Situated on St Michael's Road near where the fire station now is, the baths were a popular part of town life.
Allen Whitnell is chairman of Sittingbourne Heritage Museum, which has premises in East Street and the Forum shopping centre.
He has vivid memories of the baths and pool and still remembers the man who taught him to swim back in the 1960s.
He said: "I imagine people would have travelled to come to the baths from all the surrounding areas and towns.
"I remember Mr McLaren, who was the manager at the time, teaching me to swim and I imagine a lot of people remember him.
"Everyone who was a child at the time in Sittingbourne would have learnt to swim there.
"This was more than 50 years ago for me, but I also remember getting hot chocolate all the time to warm-up after swimming.
"It wasn't particularly dirty, and there were diving boards and spring boards, and even swimming galas there.
"It was always closed in winter and I remember that I wasn't very happy about that because I wanted to go.
"In fact, in the winter it was used for indoor bowls."
The swimming bath was open from April 13 until October 12.
The 68-year-old recalls the boys' changing rooms were down a level and the girls' ones were up a level.
The facility closed around the time the purpose-built Swallows leisure centre opened in 1989 at the other side of the town centre.
The old baths were in an area known as The Butts.
Allen added: "It was a place where people used to go for target practice, archery and stuff like that.

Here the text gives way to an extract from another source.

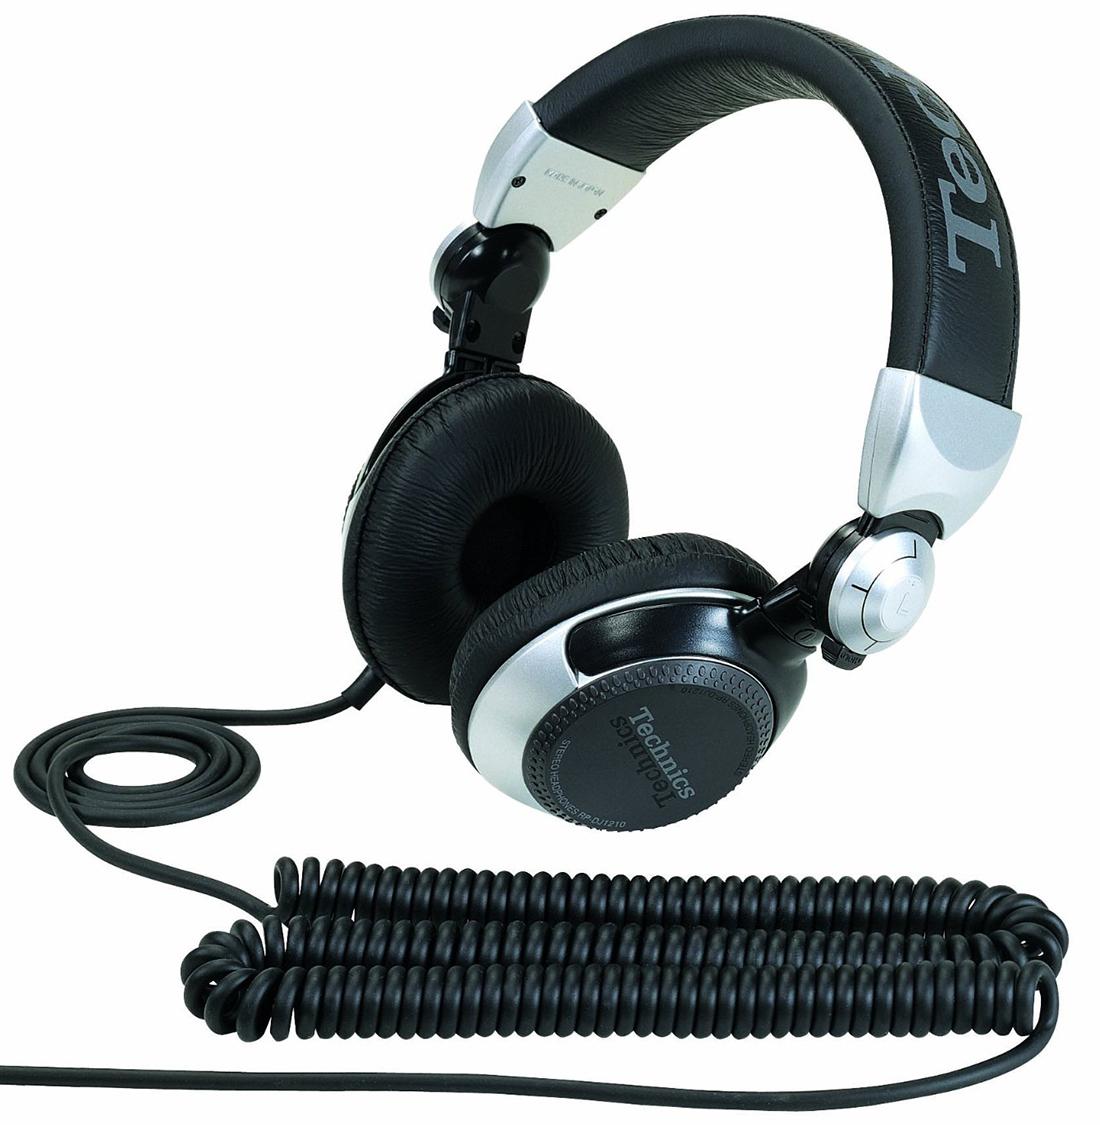 Technics RP-DJ1210E-S - мониторные наушники (Black/Silver)
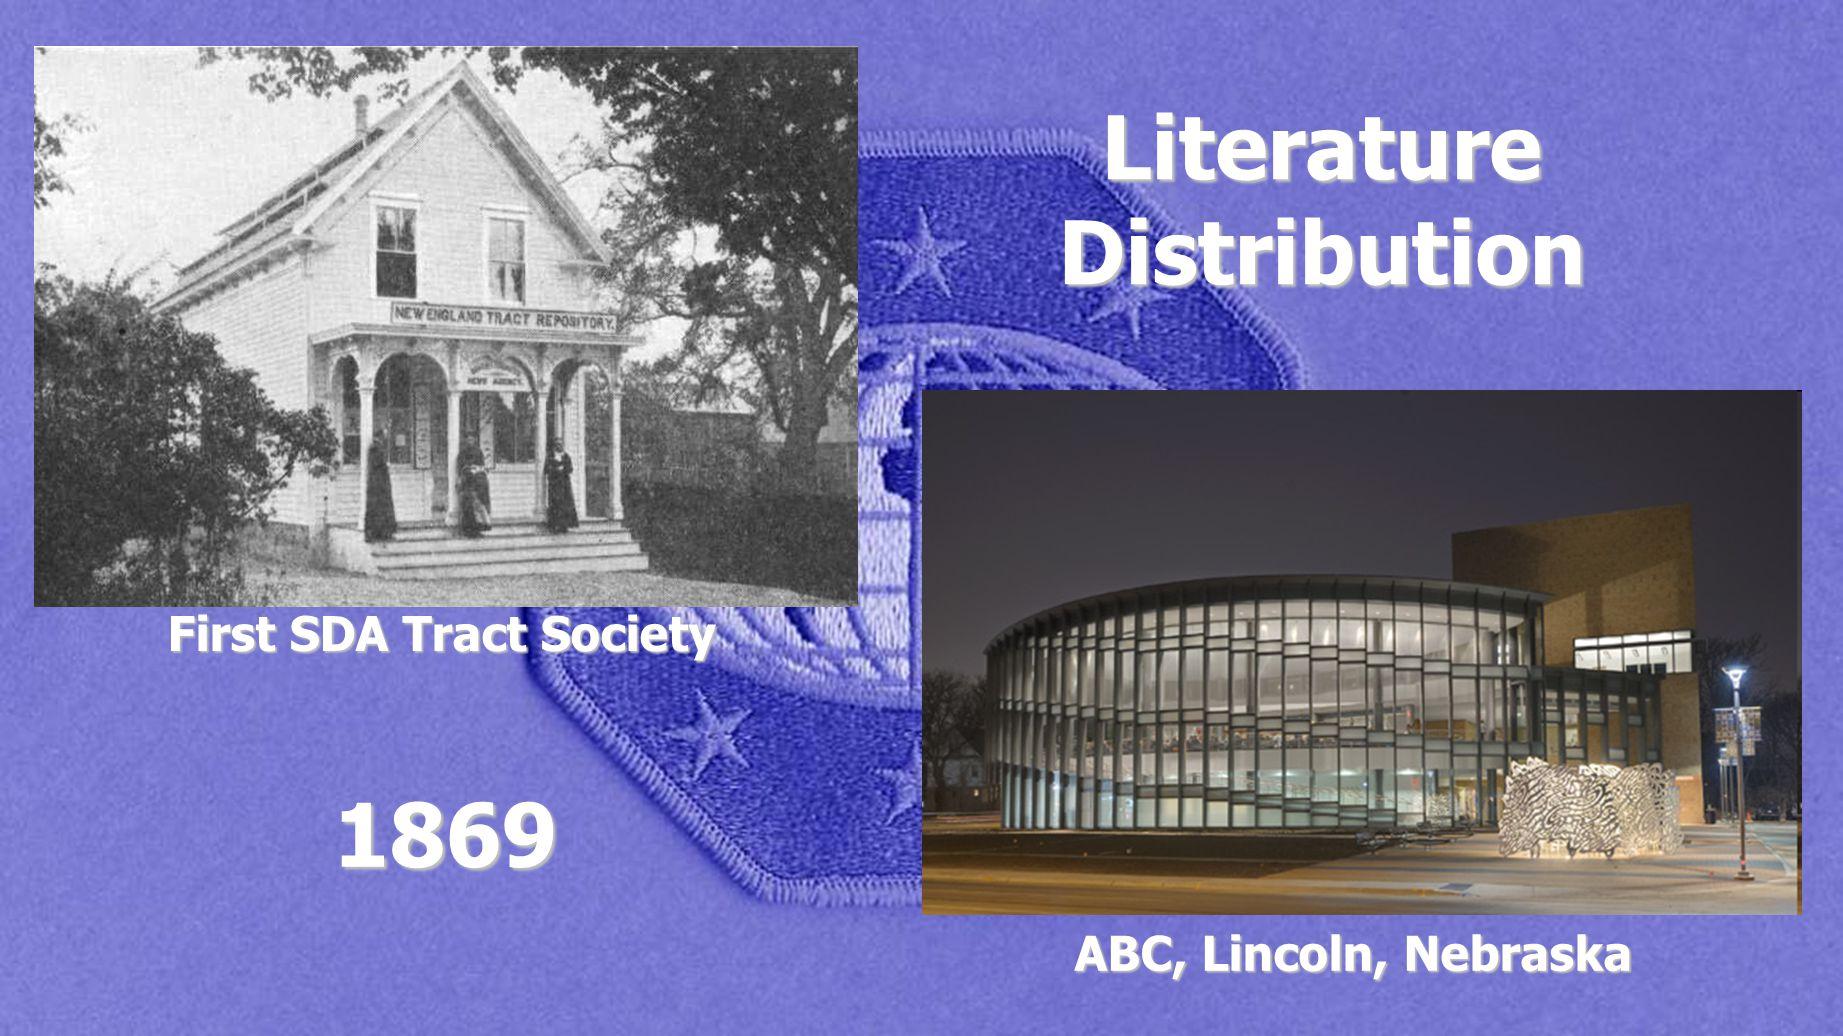 First SDA Tract Society ABC, Lincoln, Nebraska Literature Distribution 1869

"In the end, roads were built through it, and it's now just an area of waste, which is used as a car park [for the nearby railway station] – nothing has been built in its place."
Retired town couple Nicky Mayett, 68, and Victoria Mayett, 70, remember spending their childhoods at the baths and pools.
Nicky said the boys' changing rooms were cold and murky, and he would buy a season ticket for the pools in the summer with his friends – sometimes going twice a day.
"There were three diving boards and some of them were quite high so we'd dive to impress girls," he said.
Victoria recollects how there were also windows on the front and side of the building that were so high up you couldn't see out of them.
She said: "I remember as you went into the front door it was arched, and the floor was Victorian patterned tiles.
"You would go to the desk on the right-hand side to buy your tickets, which would be for swimming, the public baths, or to be a spectator."
Victoria recalls going through a black turnstyle and up stone black stairs to the girls' changing rooms.
Here, there were benches with "ornate iron bits" where she would sit to get changed.
When you went back down stairs, you would come through a door to the deep end.
She added: "Before you would go into the baths you would have to wash your feet in a grotty foot pond – it was a grimy, horrible thing.
"I was scared of water and couldn't swim so I was always petrified to walk past the deep end because boys would wait there and try and push you in."